MRK dividend yield: 3.25%. CARR dividend yield: 4.00%. Merck is a Dividend Aristocrat with 14+ consecutive years of increases. Keytruda (pembrolizumab) is the world's best-selling cancer drug and drives exceptional cash generation. The company's oncology and vaccines pipeline provides long-term growth visibility beyond the Keytruda patent cliff in the 2030s. CARR is a dividend-paying stock. Use this calculator to estimate your future dividend income, DRIP compounding returns, and passive income potential from investing in CARR shares.
Merck is a Dividend Aristocrat with 14+ consecutive years of increases.
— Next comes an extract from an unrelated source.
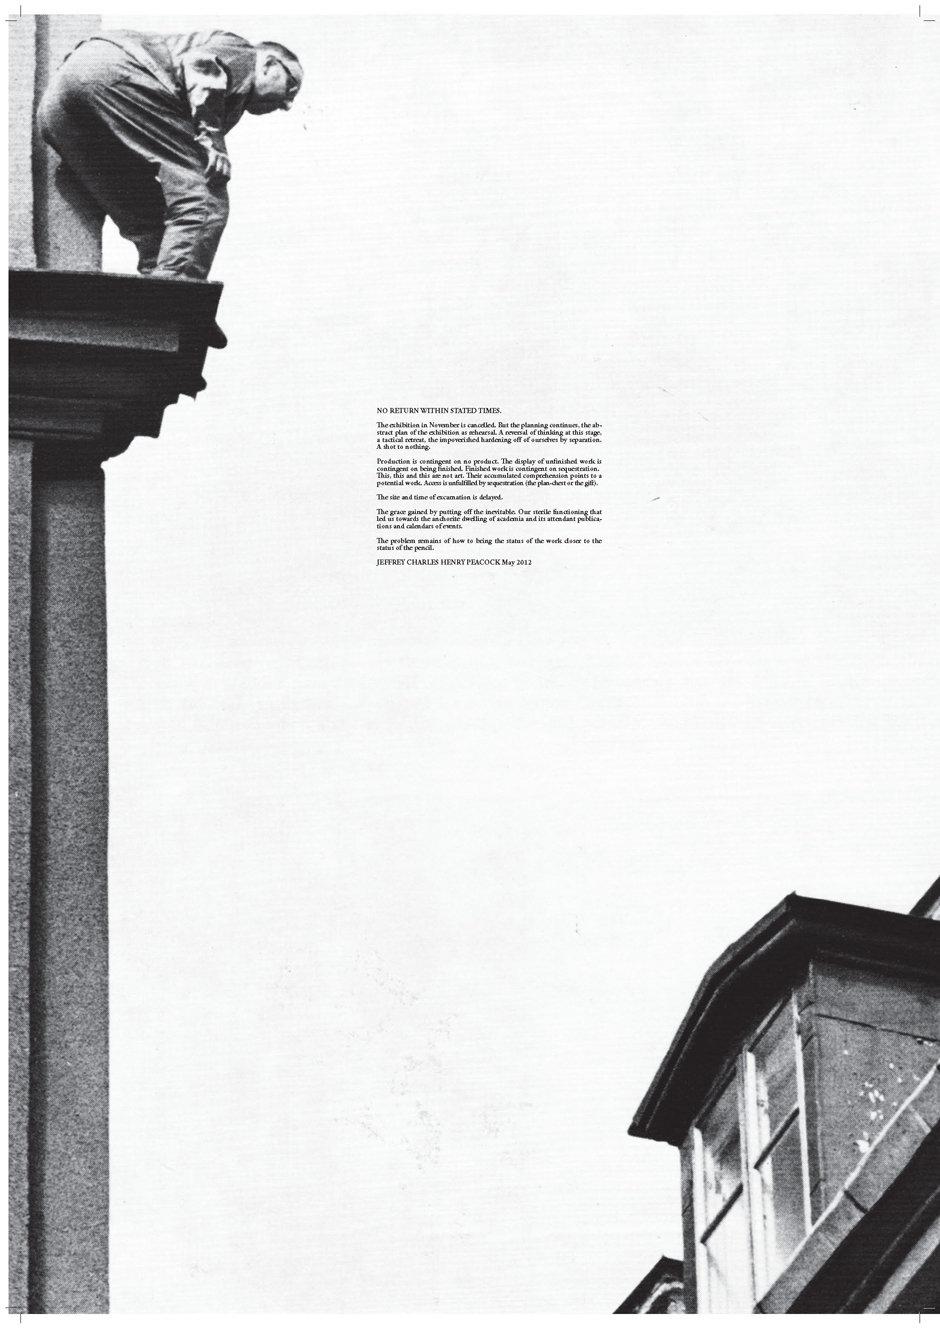 May-poster_Page_1.jpg

Keytruda (pembrolizumab) is the world's best-selling cancer drug and drives exceptional cash generation. The company's oncology and vaccines pipeline provides long-term growth visibility beyond the Keytruda patent cliff in the 2030s.
CARR is a dividend-paying stock. Use this calculator to estimate your future dividend income, DRIP compounding returns, and passive income potential from investing in CARR shares.
Is MRK or CARR better for dividend income in 2026?
MRK currently offers a 3.25% yield (3.08/share/year) while CARR offers 4.00% (2.00/share/year). CARR provides higher current income. However, MRK has grown its dividend faster (8.2% 5Y CAGR), which may lead to better long-term income through compounding.
How much would $10,000 in MRK vs CARR earn per year?
With $10,000 invested today: MRK pays approximately $325/year. CARR pays approximately $400/year. With DRIP reinvestment over 10 years, these grow to $950/year (MRK) and $899/year (CARR).
Does MRK or CARR pay monthly dividends?
MRK pays quarterly dividends. CARR pays quarterly dividends. Neither pay monthly — both use a quarterly schedule, which is preferred by investors who need regular cash flow.